Лив отказалась от ужина. Она тупо мерила шагами свою комнату, когда на глаза попалась красивая картинка на случайно открытой странице в ноутбуке. Туманные силуэты на лошадях и фарфоровое лицо азиатской девушки. Лив нажала на «пуск» и на одном вдохе шагнула через монитор, время и пространство ему навстречу. Сказала просто и немного смущенно: «Здравствуй», и он чуть надменно, но многообещающе кивнул. И остался с ней на все долгие-долгие годы.
Воин эпохи Чосон. С вытянутыми к вискам жёсткими глазами, неумолимо сжатым ртом, длинной густой гривой цвета воронова крыла и шрамом, пересекающим лицо. Впрочем, шрам он прятал под маской, загадочной и невероятной. Жестокий и неумолимый воин ко всему остальному миру, он оставался невероятно нежен с Лив.
Девушка пересматривала все шестнадцать часов сериала много-много раз подряд, и по кругу, и вразнобой, и просто отдельные моменты. Она снова и снова встречалась, ссорилась, мирилась, целовалась, безумно жаждала его объятий, ждала месяцами, когда он вернется из походов, страдала и умирала вместе с ним. Её герой разрывался между чувством долга и любовью. Когда противоречие перевалило критическую массу, он погиб. И Лив тоже умирала вместе с ним, чтобы опять вернуться к начальной точке встречи.
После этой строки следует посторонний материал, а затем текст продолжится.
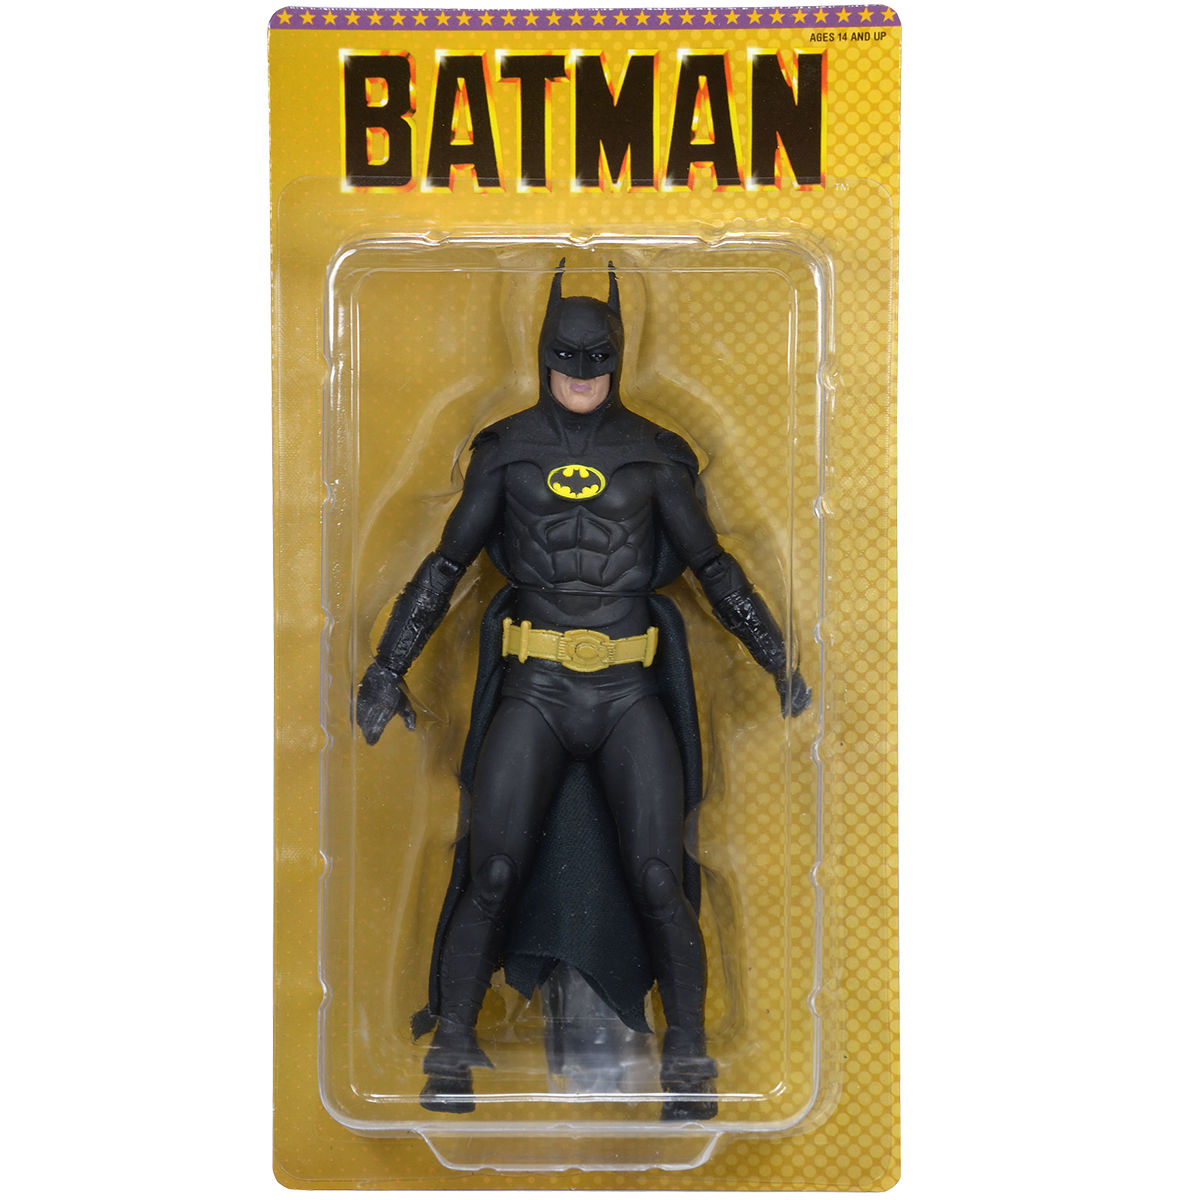 Batman-25th-Anniversary-Figure-at-TRU.jpg
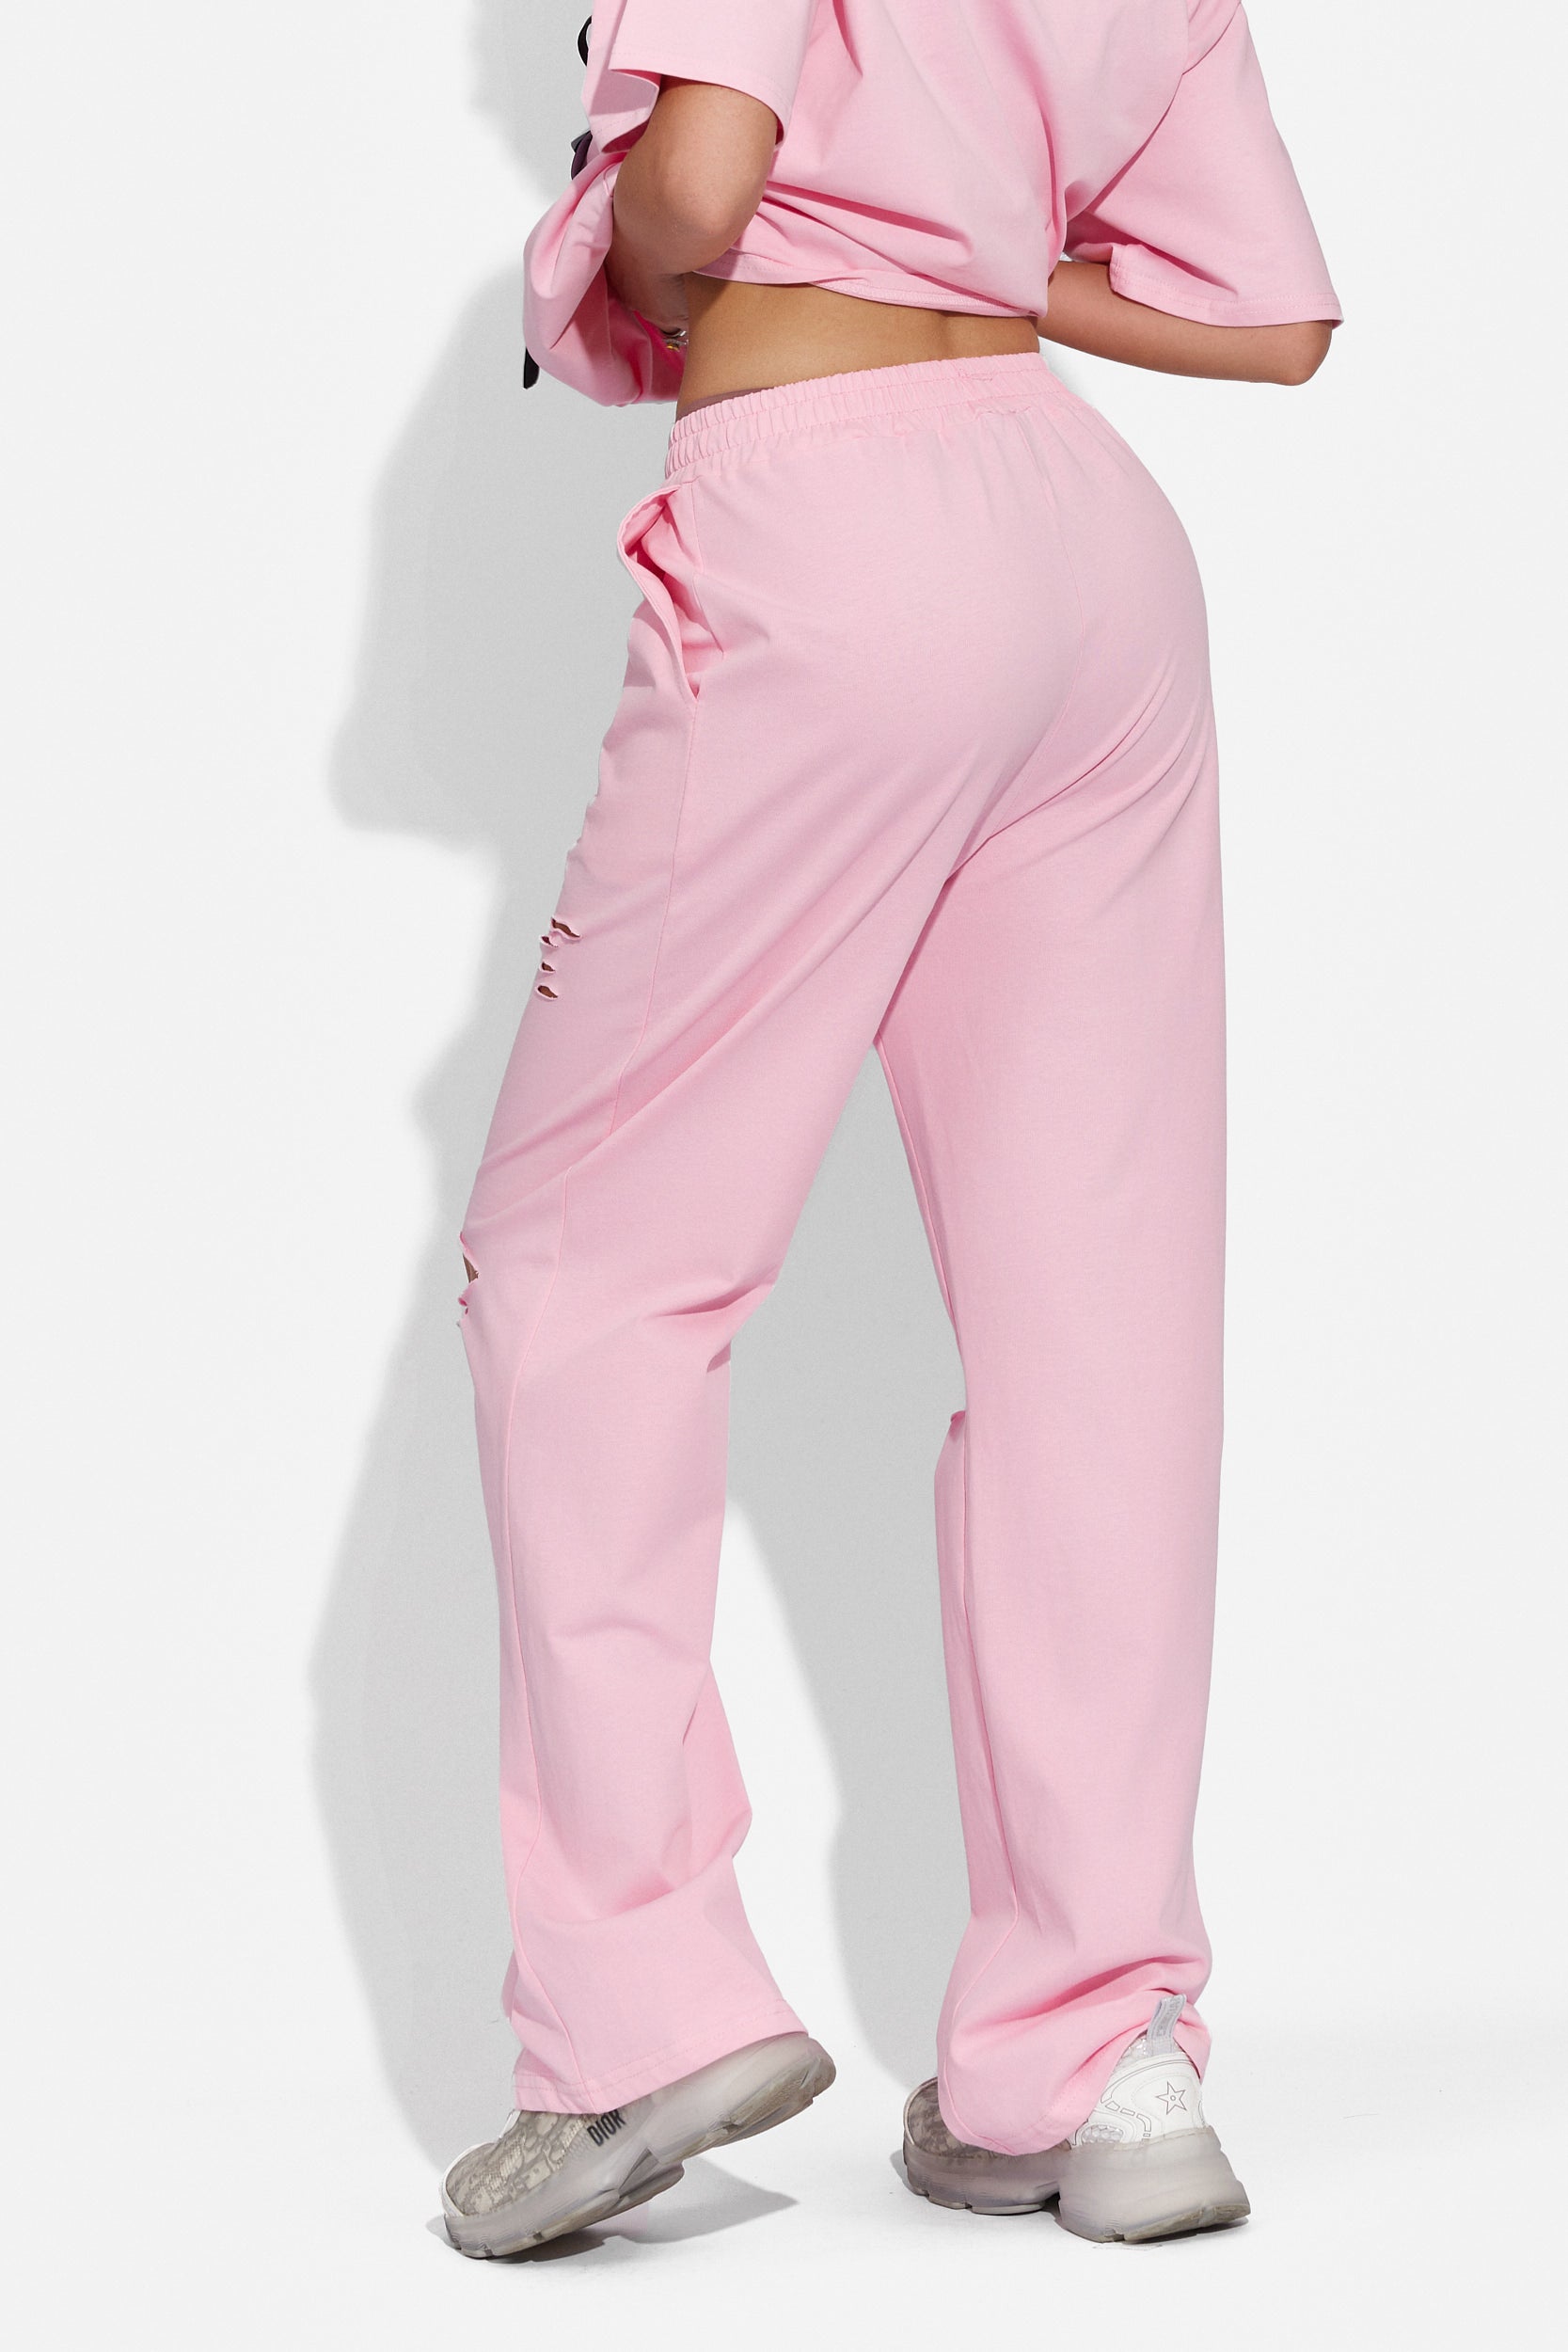 Lavile Bogas rózsaszín alkalmi női nadrág

Бесконечные шестнадцать часов, повторяющиеся снова и снова. Изученные до доли секунды повороты властной головы и прочувствованные до микрона дрожания уголков губ на её губах. Наверное, там всё-таки была актриса, но такую мелочь Лив не брала в расчет. Это было её счастье, горе и судьба, затерянная в безумном клубке из свившихся цифр и дат под названием жизнь.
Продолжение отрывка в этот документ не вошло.